I never heard it put quite that way before.

Perhaps some of you, subconsciously,
are
a bit upset with us.

But we do it for your own good.

"Worst of all, if these UFO guys really do exist—they're refusing to make contact!

". . . What? You say they're afraid of us? We, who barely made it to our measly little moon, and couldn't go back now if we tried?
We
frighten star aliens? Right. And I'm terrified of turtles in the zoo!"

But we do fear you, sage of science. Your premises are skewed. I would teach you. But if I tried, you'd burn me where I stand.

"Tell you what, caller. Let's try an experiment. You assume these ET fellows are pretty smart, yes? In fact, they're probably picking up my voice at this moment.
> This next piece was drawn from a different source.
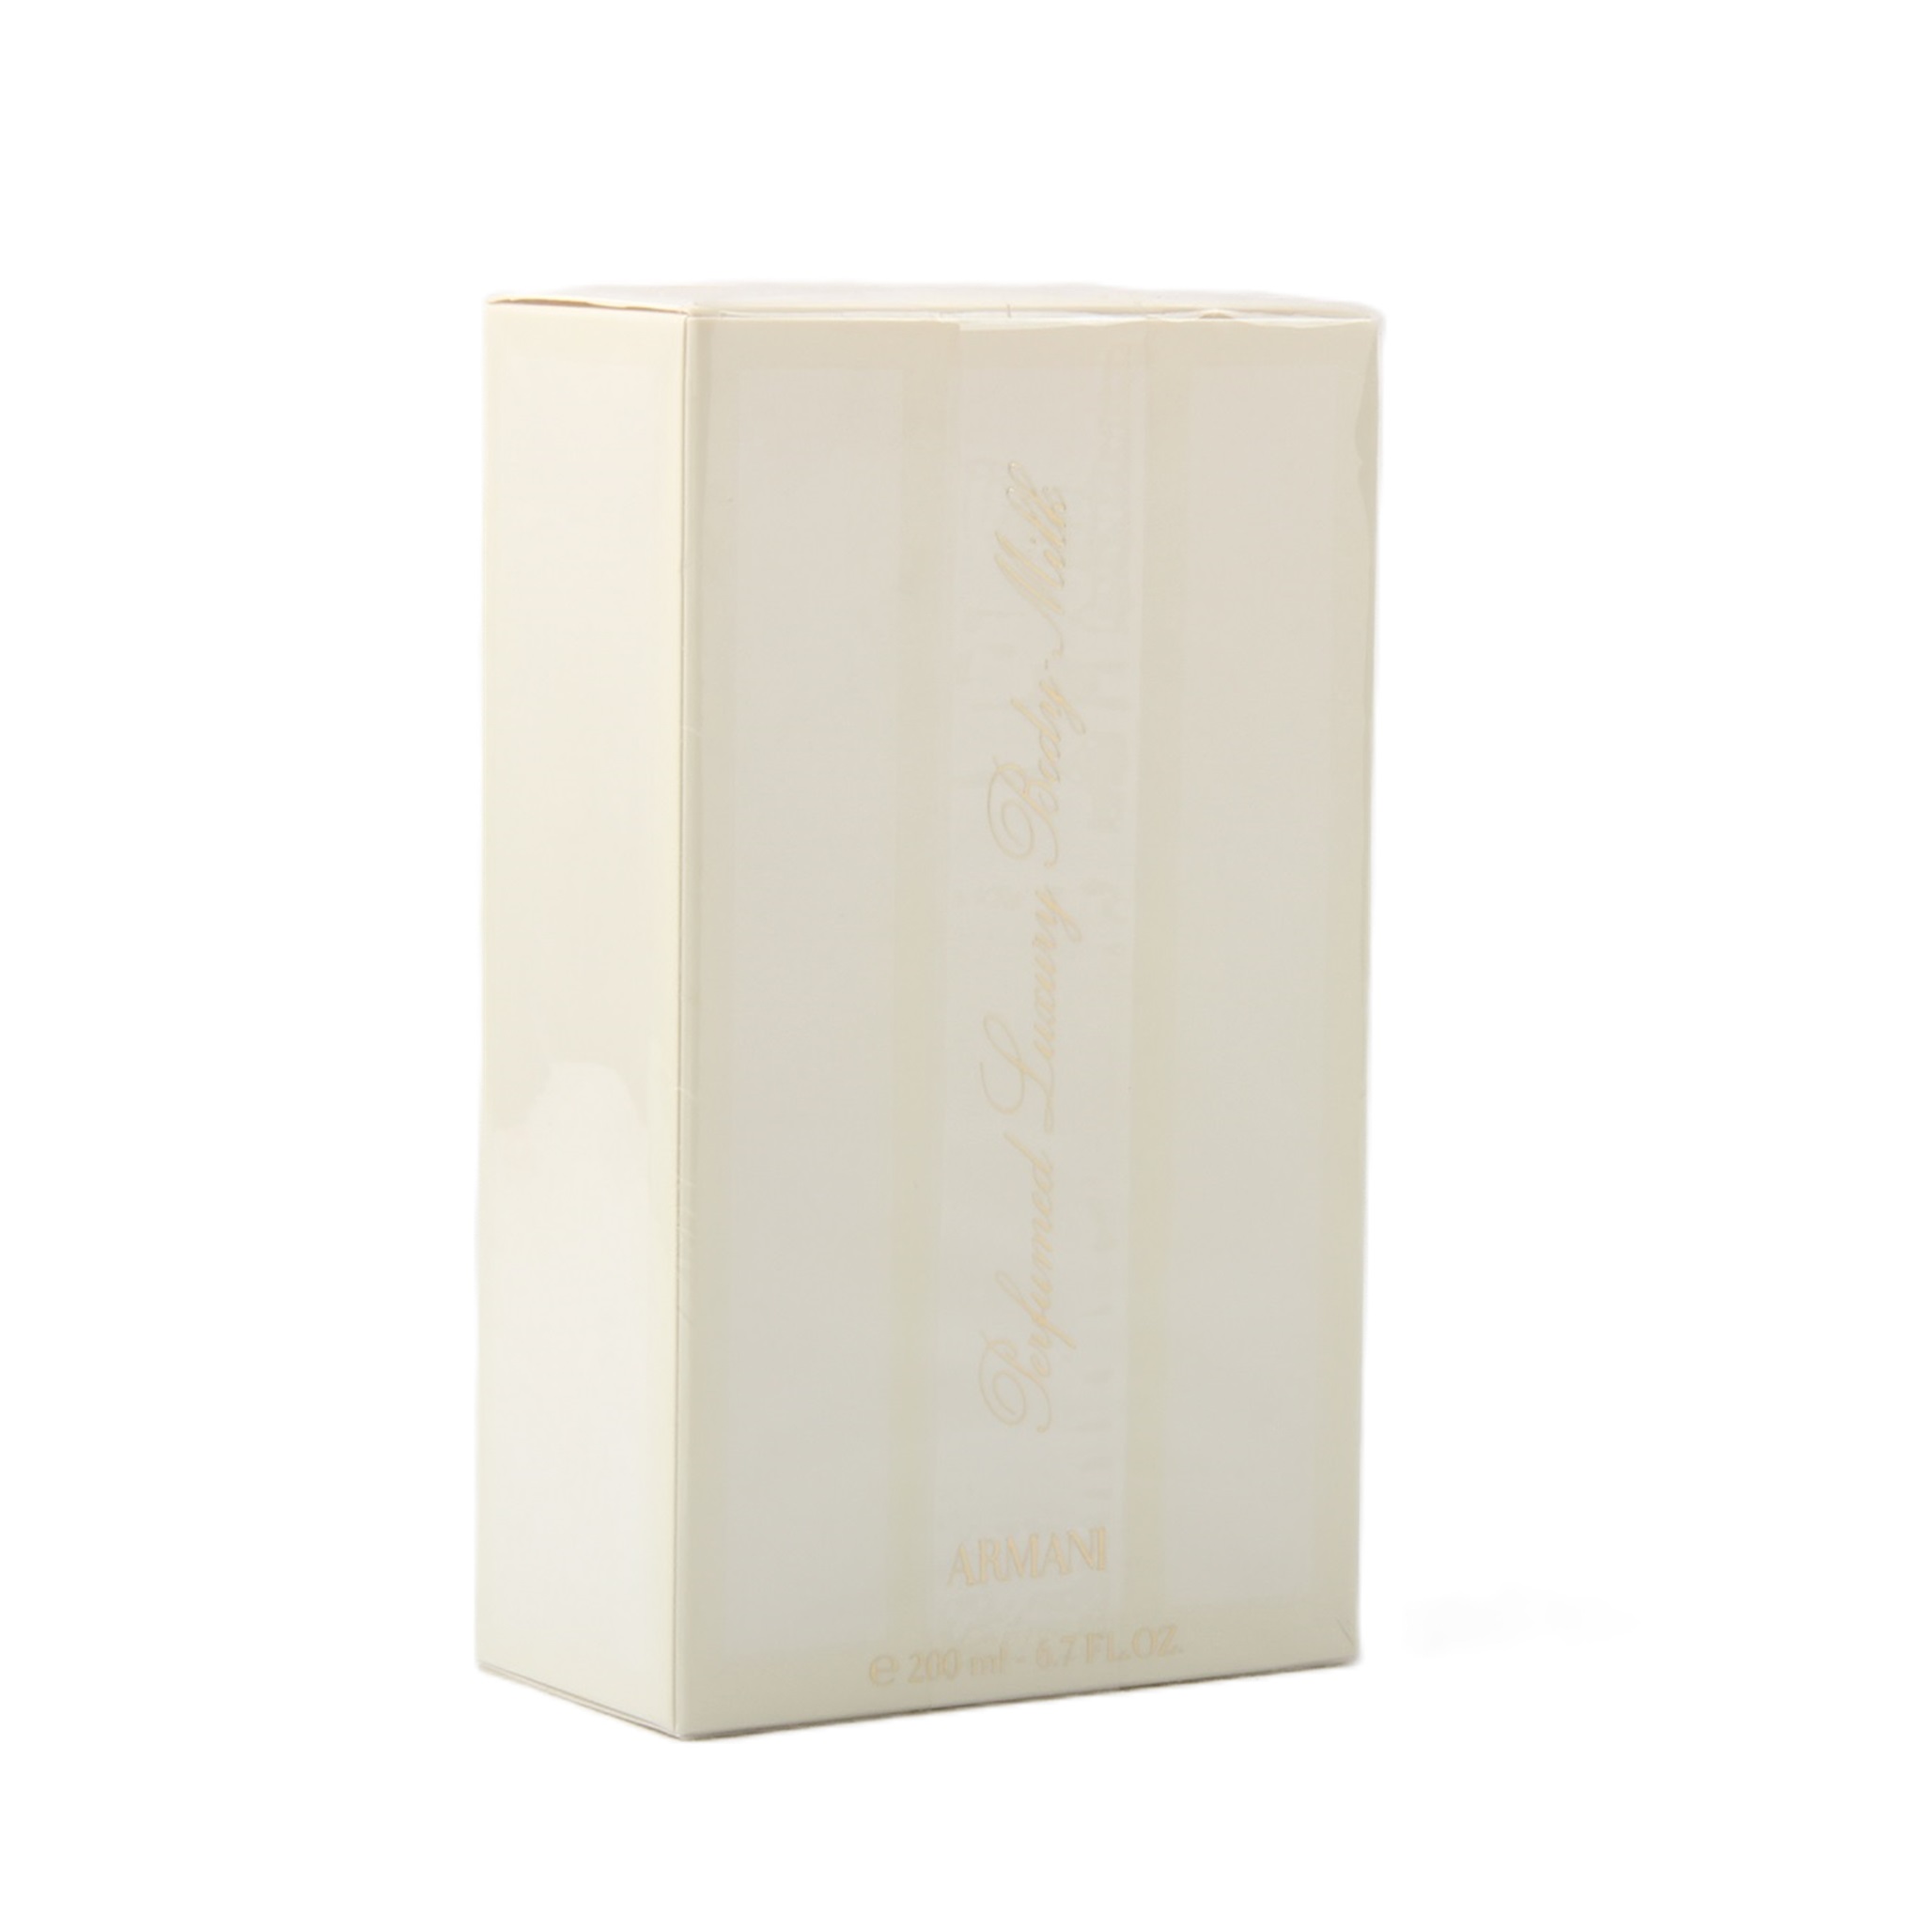 Armani Eau Perfumed Luxury Body Milk / Lotion 200ml

After all this time, guys that clever must have a handle on our language, right?

"Great. Then I'll quit talking to my human audience for a minute, and turn instead to those eavesdroppers in the sky.
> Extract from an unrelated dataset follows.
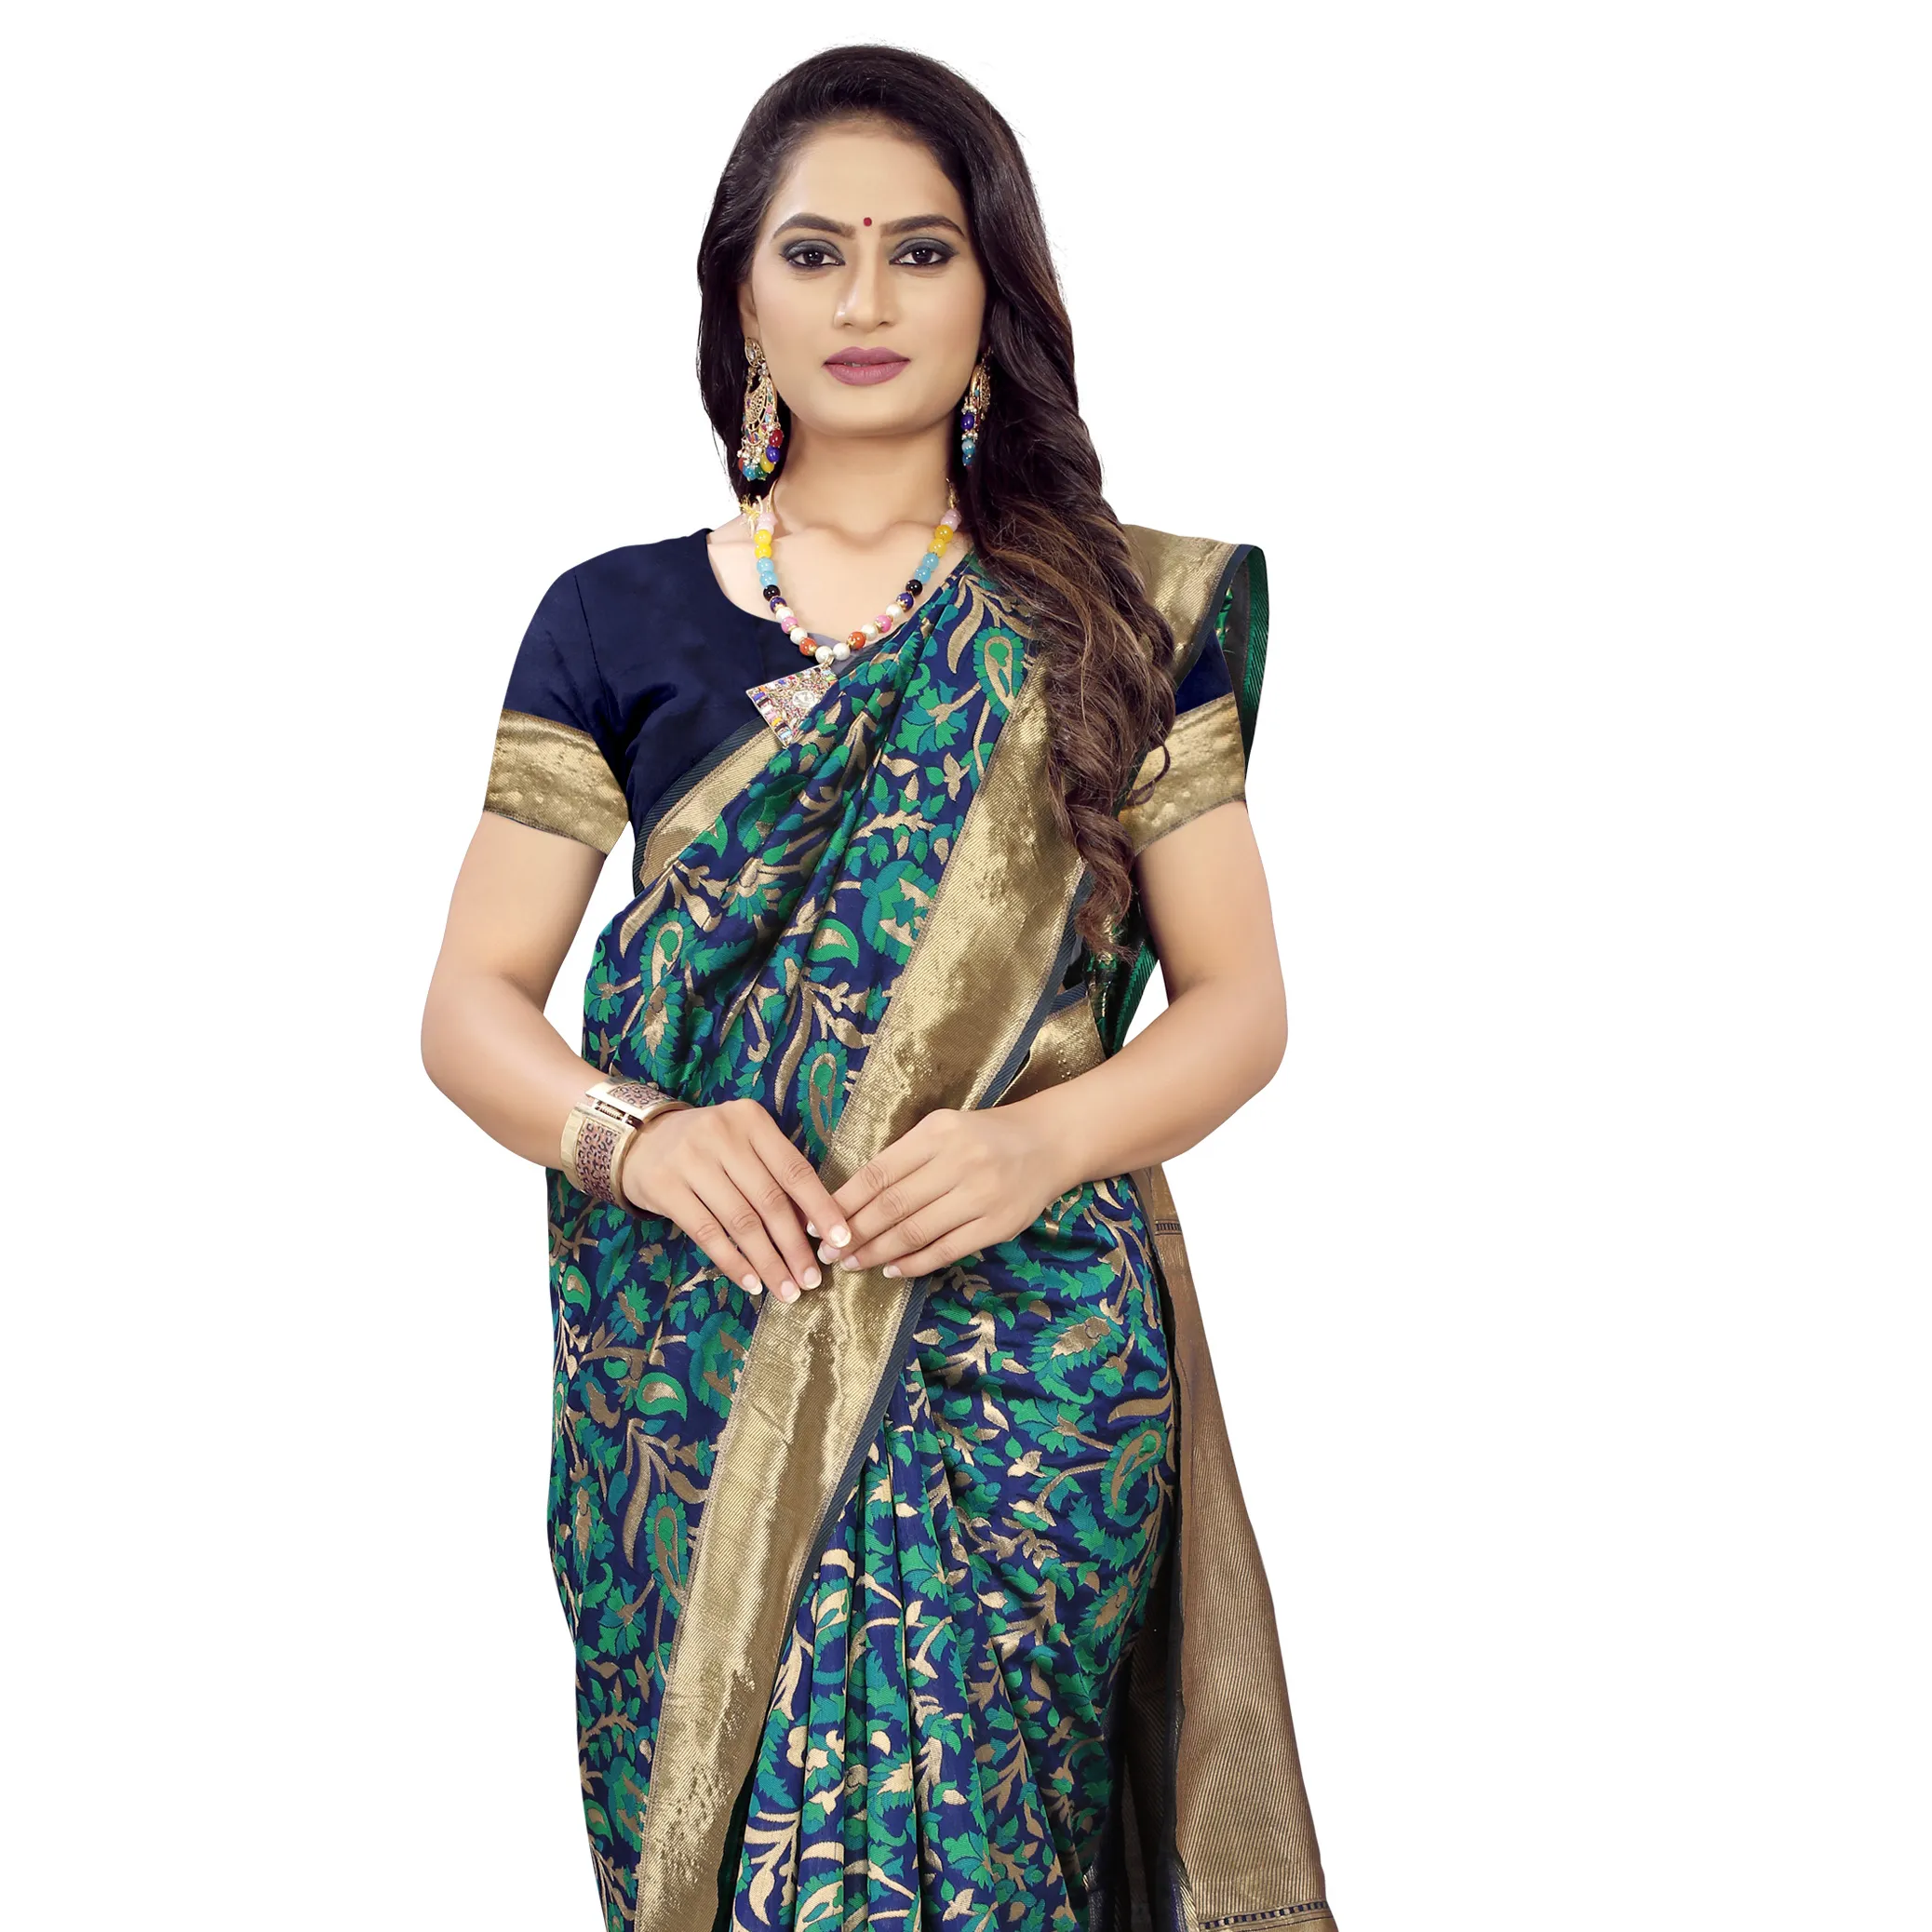 लोकप्रिय रेशम और कपास के साथ अमीर शैली कपड़े बनारसी कला रेशम साड़ी डिजाइनर ब्लाउज भारतीय कपड़ों की

"Hello, you little green guys, listening to my voice in your fancy ships! I'm gonna lay a challenge on you now. Get out your space pencils, 'cause I'm about to tell you how to get in touch with the most qualified people on the planet for making first contact with star visitors. People who have all the right qualifications, reputations, and government connections, and who have been dreaming all their lives of holding conversations with other life forms.
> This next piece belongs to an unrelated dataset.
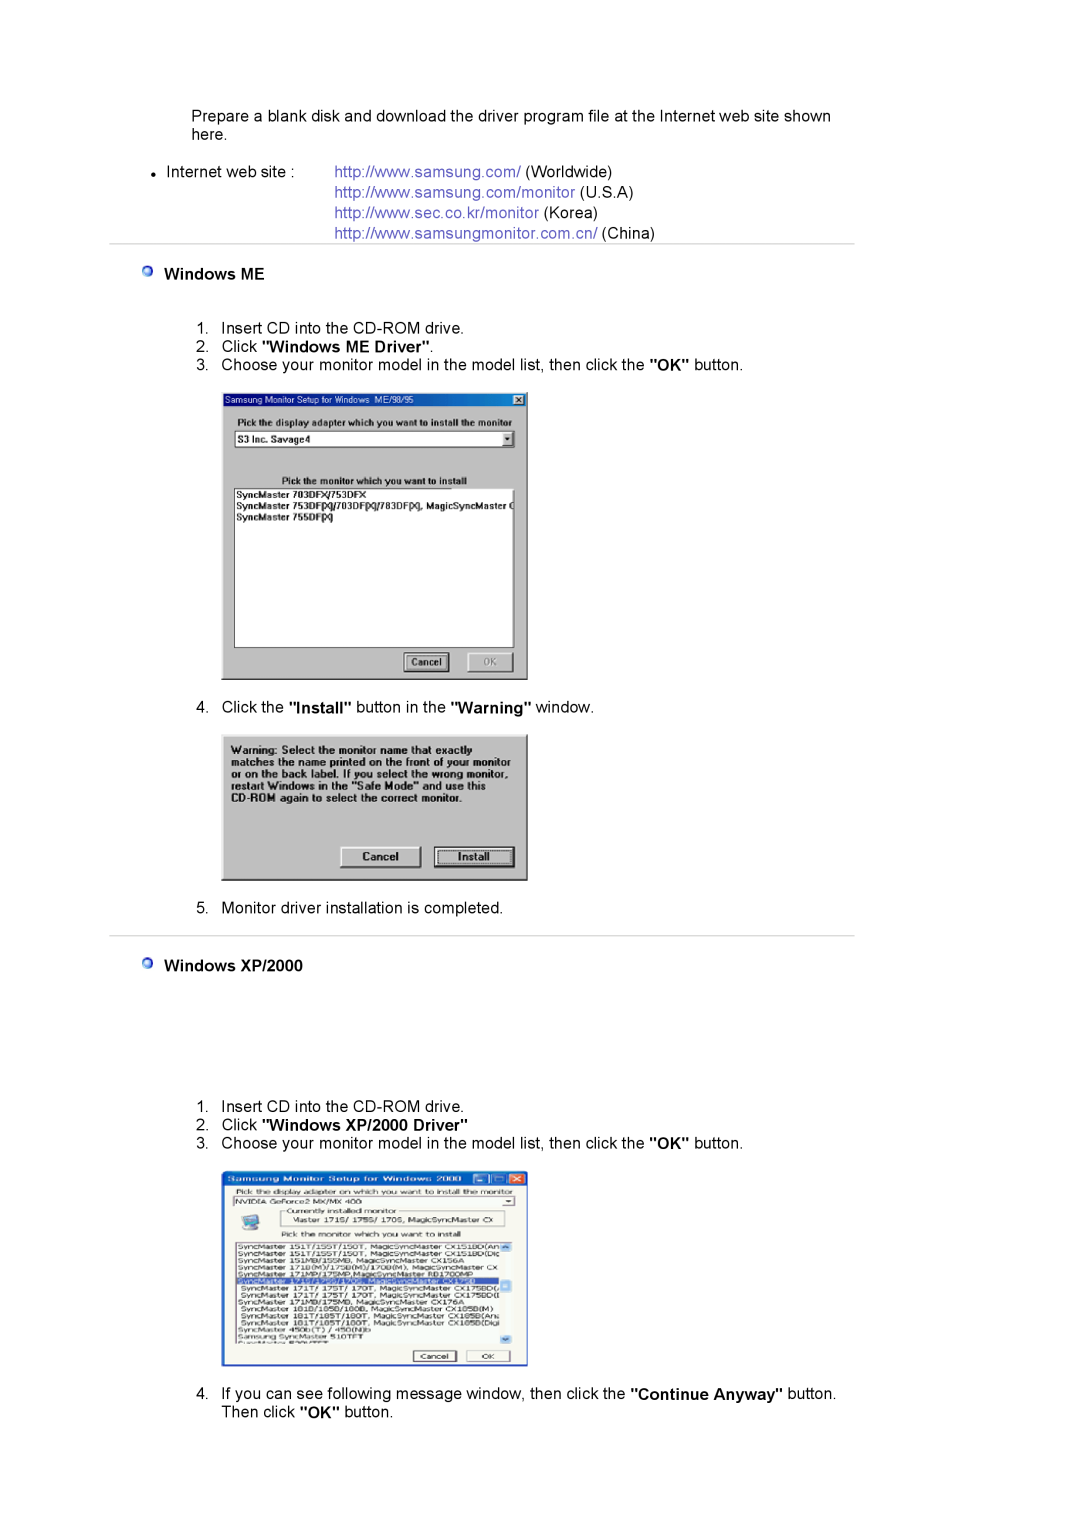 Samsung 710NT manual Click Windows ME Driver, Click Windows XP/2000 Driver

"Ready? Good. Now first off, I want you to dial up the World Space Foundation, in Pasadena California. You can get their number by dialing directory assistance through any of our communications satellites . . . surely you're smart enough to handle that? Our technology's child's play, right? Here's a little hint—the area code is 1—818, and directory information is 555-1212. The foundation, along with the Planetary Society, helps fund some of the best SETI research, now that a few grandstanding senators have managed to cut off all federal funding for the program. The search involves scanning the heavens for beacons from distant extraterrestrial civilizations, and they usually don't like having their name associated with UFOs, but I'm sure they'll drop everything if you prove you really are visitors from some faraway star.

Now
proof
is an important part of this. So for you humans listening in right now, please don't bother these good folks . . . unless you want to join as members of the foundation, and help them in their fine work. Still, I guess there'll be a few jerks out there who will phone in anyway, thinking it's really clever and original to dial up and pretend they're E.T. So identify yourselves when you call, then briefly describe to the foundation staff a demonstration you'll perform in the sky, the following night!

"Your demo should be visible from Pasadena, California, at ten P.M. on a clear night, and be of clearly extraterrestrial origin. You might turn one of the moon's craters purple, or something likewise gaudy.

"If you do pull off something impressively 'alien,' you can bet we'll be waiting by the phone the next day for your follow-up call!"

Such effrontery! Never has one of these mad, new-style humans taunted us so brazenly. Out of wrath, we get carried away in our work. Half the cattle are destroyed and the rest driven to frothing panic before Fyrfalcon calls a halt. We stare down at no typical mutilation. The rancher who owns this herd won't be awed or frightened by our visit, but furious.